Encontrou os dois disparando feito loucos do lado oeste da batalha, e emparelhou com eles, sacando seus revólveres.
- Antes tarde do que nunca, hã? - disse Clint, sorrindo.
- Coma isso, seu insolente! Ainda está para chegar o dia em que alguém vai me levar á clareira! - Gritou Henry, enquanto dava fim à vida de um dos soldados de Lars - Steven! Achei que ia dormir até a batalha acabar.
- Não perderia isso por nada, amigo. Por nada. - disse ele, lembrando do sonho e das lágrimas de inocência de Henry.
  Passados alguns minutos, o líder da tropa de Lars gritou.
- Retirada! Bater em retirada! Lars está aqui e quer cuidar disso pessoalmente!
  Os soldados de Lars começaram a cavalgar de volta ao sul, onde havia uma grande concentração das forças.
- Homens! Vamos voltar à cidade! Parece que Lars quer negociar! - gritou Jake Skye, o comandante da tropa da confederação.
- Skye, nós três podemos resolver essa. - disse Clint.
- Steven, você concorda? - perguntou Skye.
- Claro que sim, Skye. Henry, Clint, prontos? - disse Steven, vendo um cavaleiro solitário cavalgar em direção a eles.
Provavelmente Lars.
- Eu nasci pronto. - disse Henry.
- Henry, você nasceu chorando. - disse Clint.
  Eles começaram a cavalgar em direção a Lars Howard, o fora-da-lei.

- Vocês são bons, principalmente você aí no meio, pistoleiro. - disse Lars, abrindo um sorriso que parecia maior ainda devido à cicatriz que ele possuía na bochecha esquerda.
- Pode cortar a ladainha, seu verme. - disse Henry - Não vamos nos render.
- E quem disse que eu quero que vocês se rendam? - respondeu Lars - Quero que não desperdicem seu talento e se juntem a mim.

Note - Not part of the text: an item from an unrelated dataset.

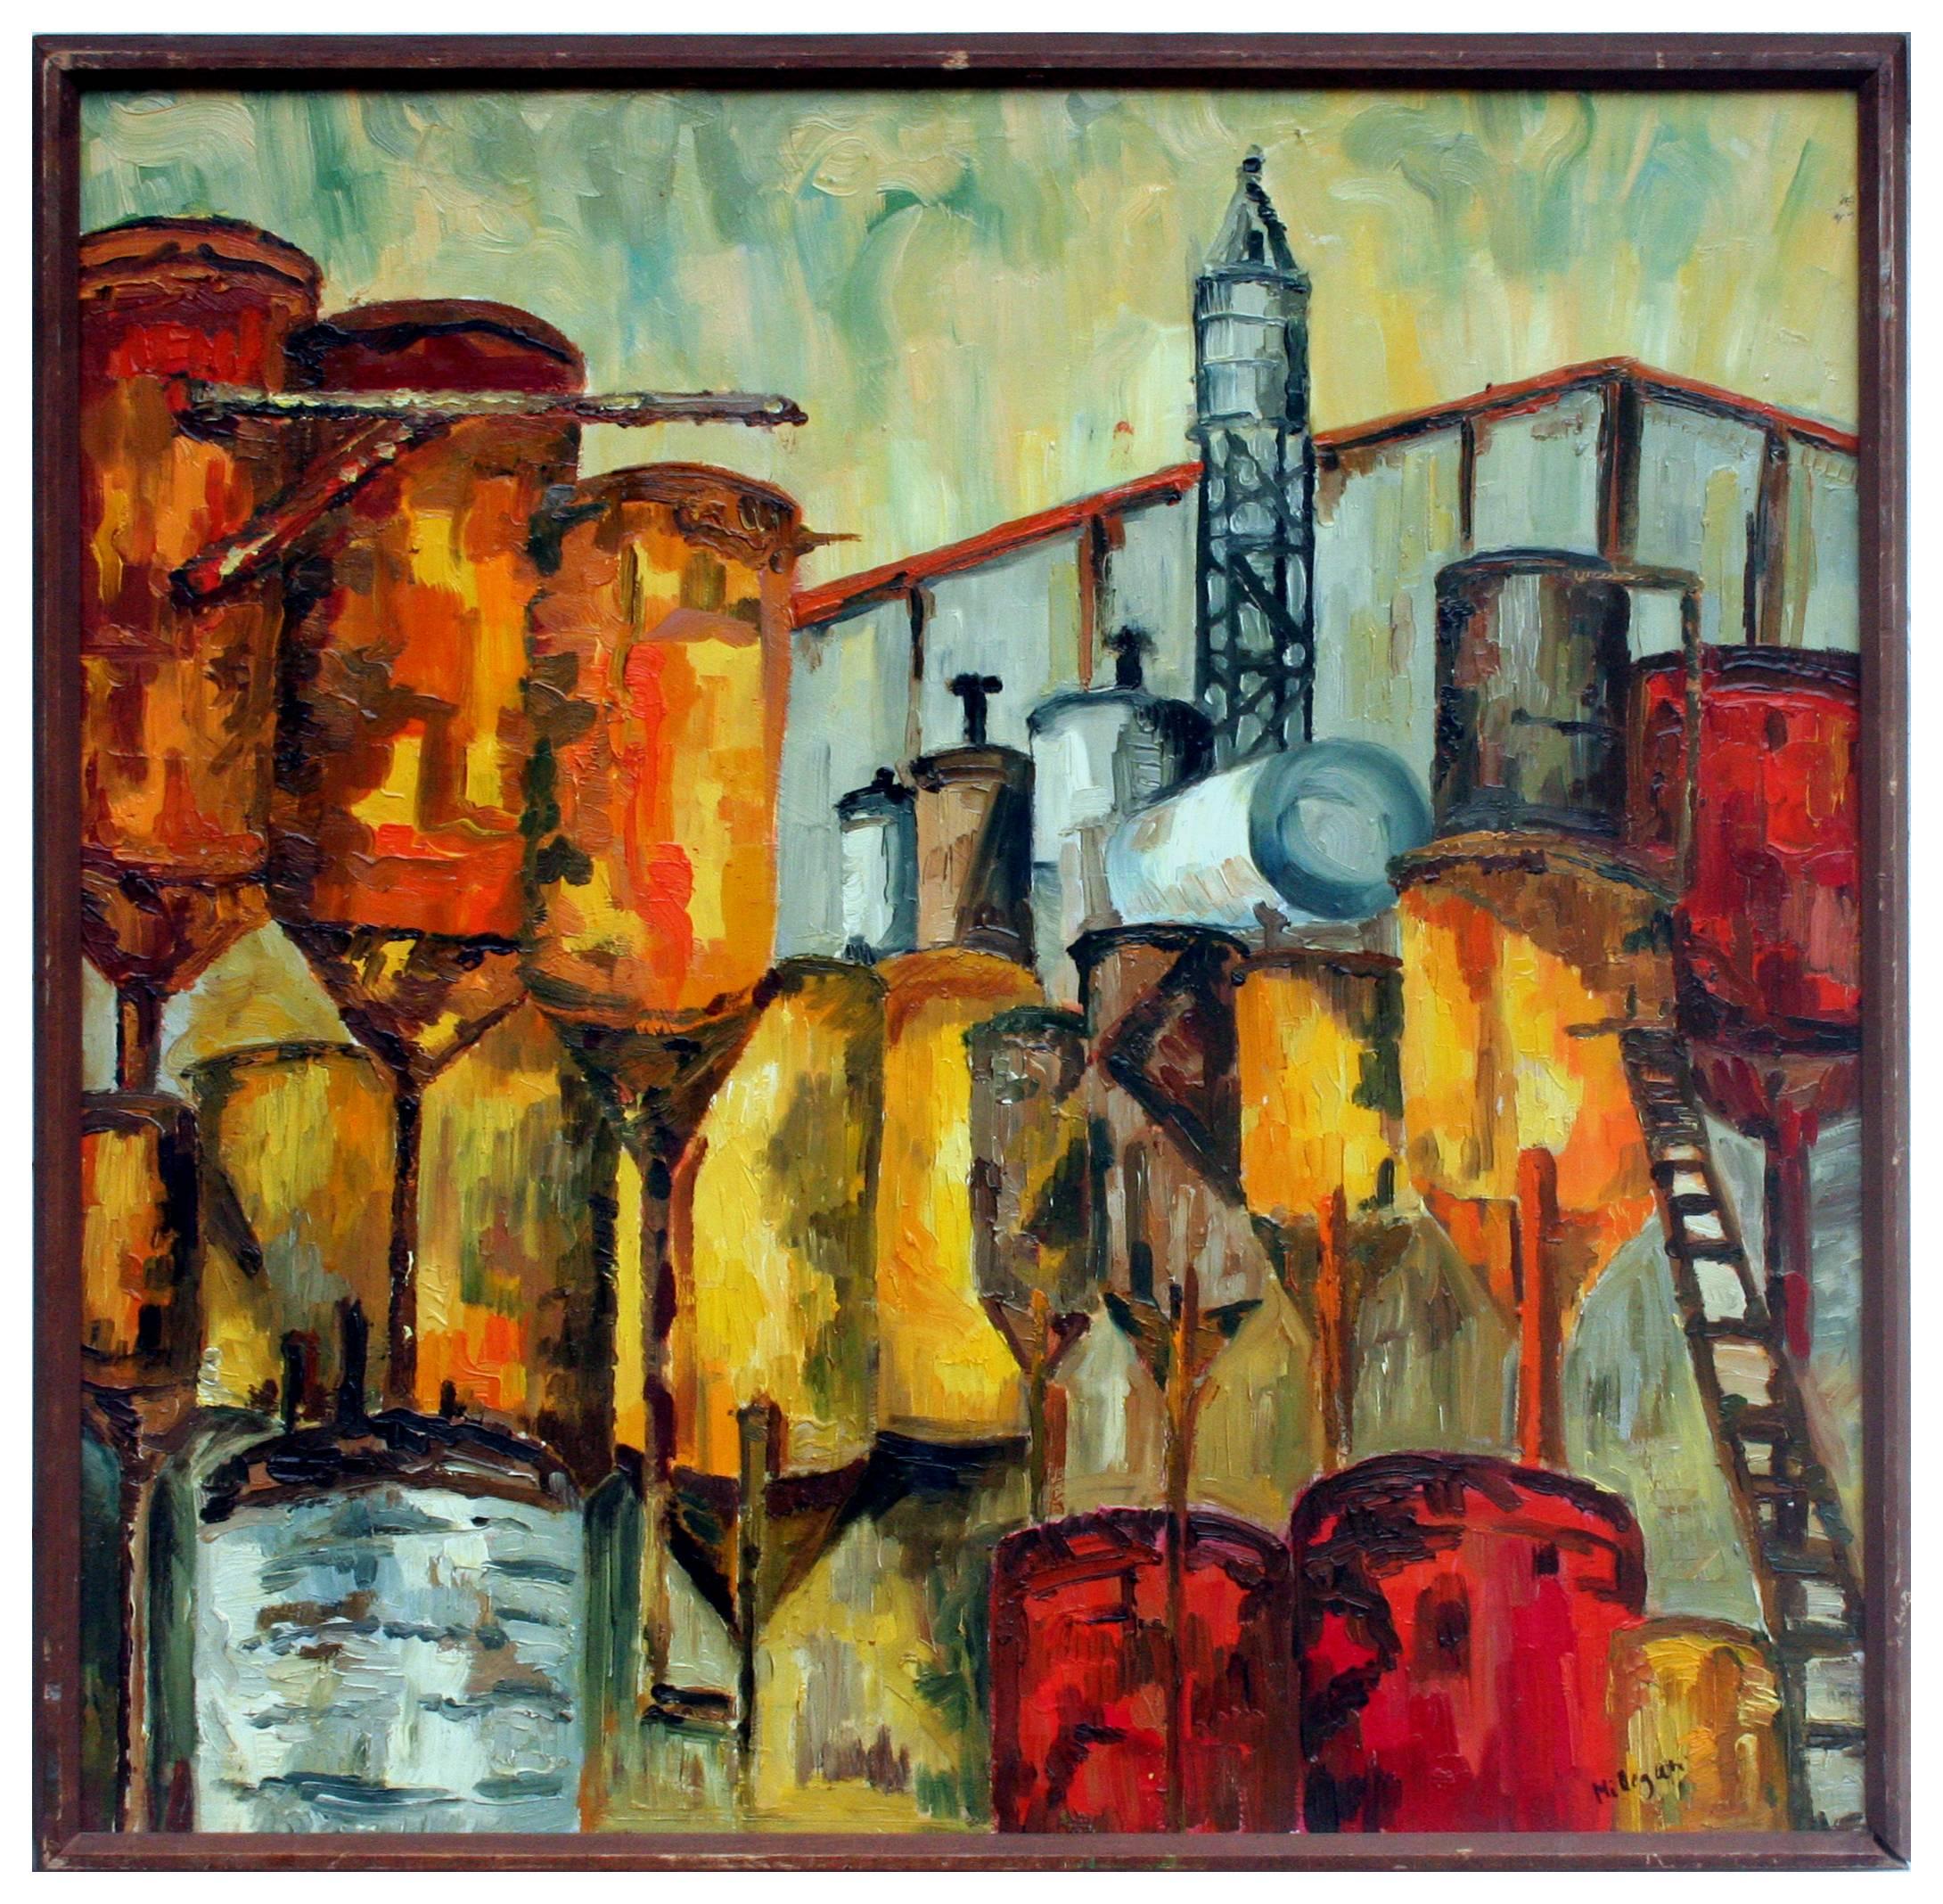 Cresanna Millegan Landscape Painting - Industrial Expressionism

Sua cidade será poupada e vocês terão acesso àquelas armas que capturaram mais cedo.
- Você está louco? Não esquecemos os rostos de nossos pais. - disse Henry - Se essa é sua intenção, é melhor continuarmos com a batalha e cortar a conversa mole.
  Steven percebeu que Clint, o mais diplomático dos três, estava calado.
- Tem certeza? Sua força seria muito bem utilizada por mim, e você teria as regalias que quisesse.
- Não sou nenhum fora da lei. Aqui nessa cidade não tem nenhum fora da lei. Certo, caras? - disse Henry.
- Não tenho tanta certeza. Richards? - disse Lars, olhando para Clint.
  Steven só teve tempo de ouvir o trovão do revólver de Clint, e logo em seguida viu o corpo inerte de Henry tombar do cavalo.

- E quem disse que eu quero que vocês se rendam? - respondeu Lars - Quero que não desperdicem seu talento e se juntem a mim.
Sua cidade será poupada e vocês terão acesso àquelas armas que capturaram mais cedo.
- Henry, é uma cilada! Clint é seguidor de Lars, ele nos traiu! - disse Steven, sacando os revólveres.
- O quê? Você ficou louco, Steven? - respondeu Henry.
- Eu vi, ele vai nos trair e te matar! - disse Steven, alarmado.
- Ele nunca nos trairia, Steven. Eu confio plenamente nele. - disse Henry, se recusando a acreditar no que ouvia.
- Eu confiava plenamente em você e você me traiu! - disse Steven, com lágrimas nos olhos.
  Essas palavras afetaram profundamente Henry, pois ele ficou olhando para Steven, sem dizer nada, chocado.
- Infelizmente, Henry, Steven está certo.
  Henry Johnson não teve tempo de se virar. A bala atingiu seu coração antes mesmo que ele pudesse processar o que havia acabado de ouvir.
- NÃÃÃÃÃÃÃÃÃÃO! - gritou Steven, e disparou contra Clint e Lars ao mesmo tempo, fazendo os dois tombarem dos cavalos.
  Ele desmontou e correu até Henry, que ofegava. Tomou o amigo nos braços e disse:
- Não, Henry, não! Você não pode morrer, ainda não acertamos aquela história.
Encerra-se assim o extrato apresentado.